§ **DATA SHOWN**
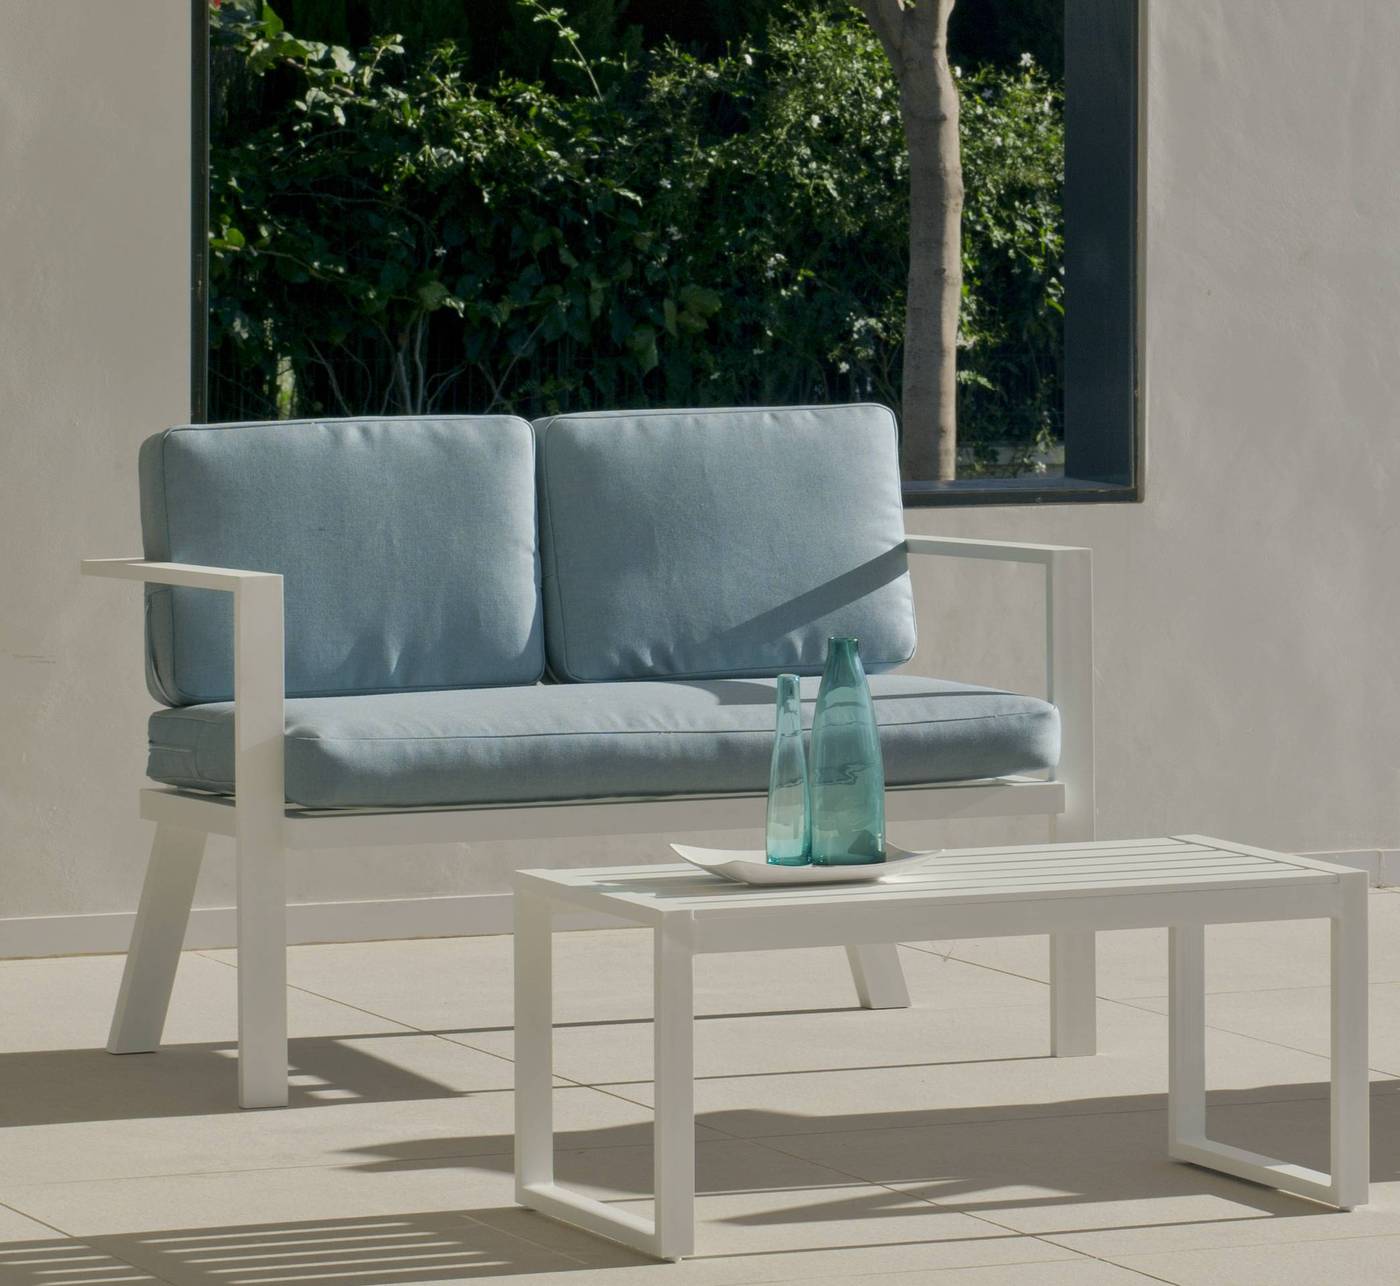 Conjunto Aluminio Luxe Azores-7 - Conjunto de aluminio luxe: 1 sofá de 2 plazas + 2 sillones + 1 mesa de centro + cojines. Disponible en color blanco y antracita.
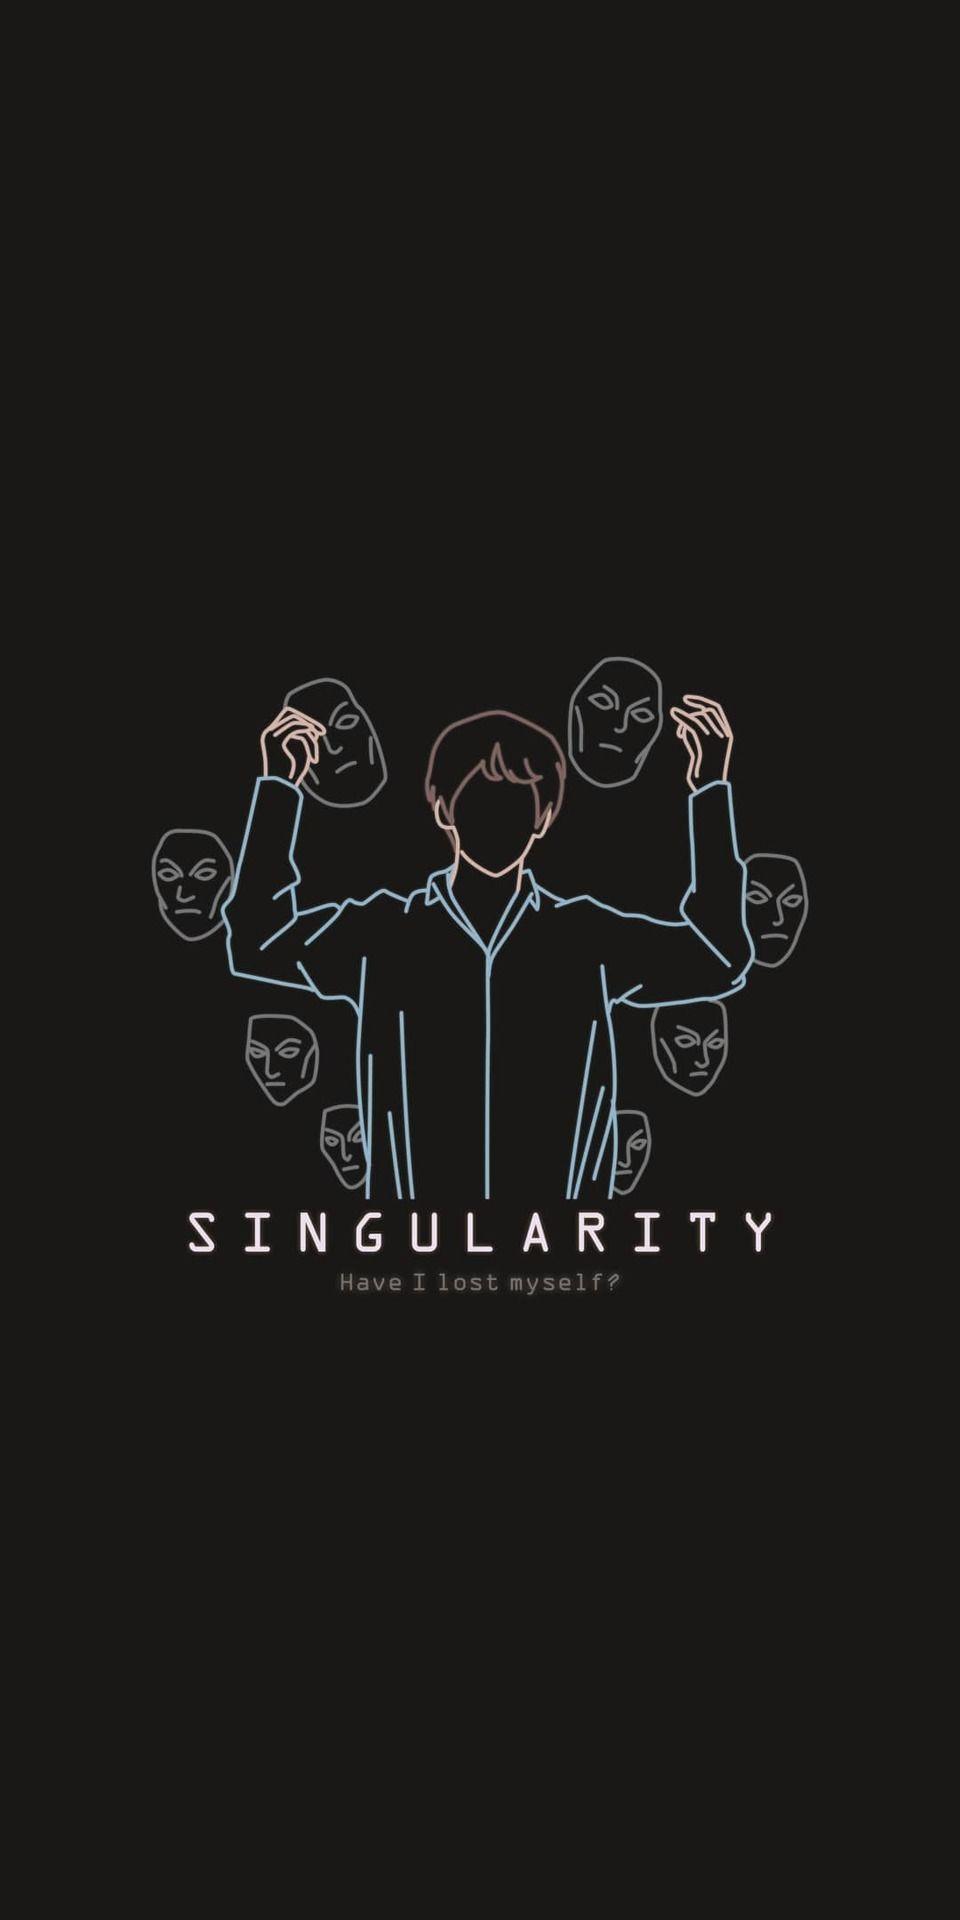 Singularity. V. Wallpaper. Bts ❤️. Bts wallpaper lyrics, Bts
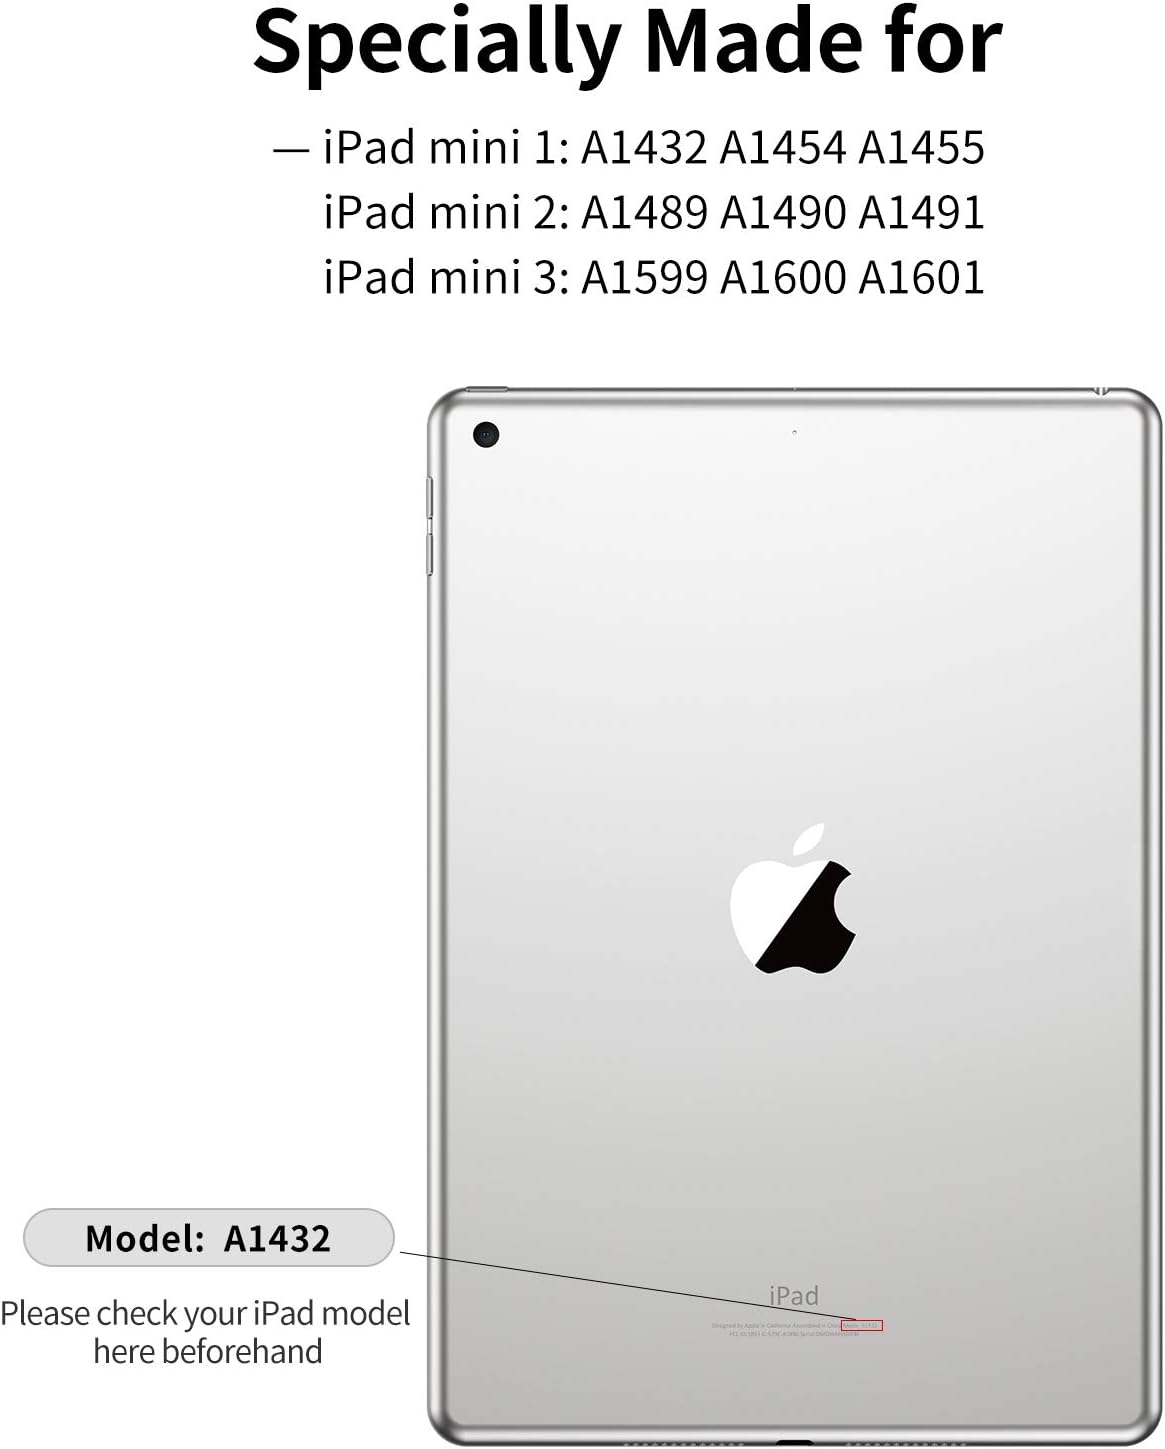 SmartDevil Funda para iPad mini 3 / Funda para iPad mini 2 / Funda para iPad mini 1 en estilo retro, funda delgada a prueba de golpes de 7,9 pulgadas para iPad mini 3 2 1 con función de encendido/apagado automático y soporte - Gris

§ **YOUR ASSIGNMENT**
Copy out exactly the lines from the one with "Singularity. V. Wallpaper." through the end of the listing, both ends included, omitting any picture.

§ **ANSWER TO THE EXERCISE**
 Singularity. V. Wallpaper. Bts ❤️. Bts wallpaper lyrics, Bts
 SmartDevil Funda para iPad mini 3 / Funda para iPad mini 2 / Funda para iPad mini 1 en estilo retro, funda delgada a prueba de golpes de 7,9 pulgadas para iPad mini 3 2 1 con función de encendido/apagado automático y soporte - Gris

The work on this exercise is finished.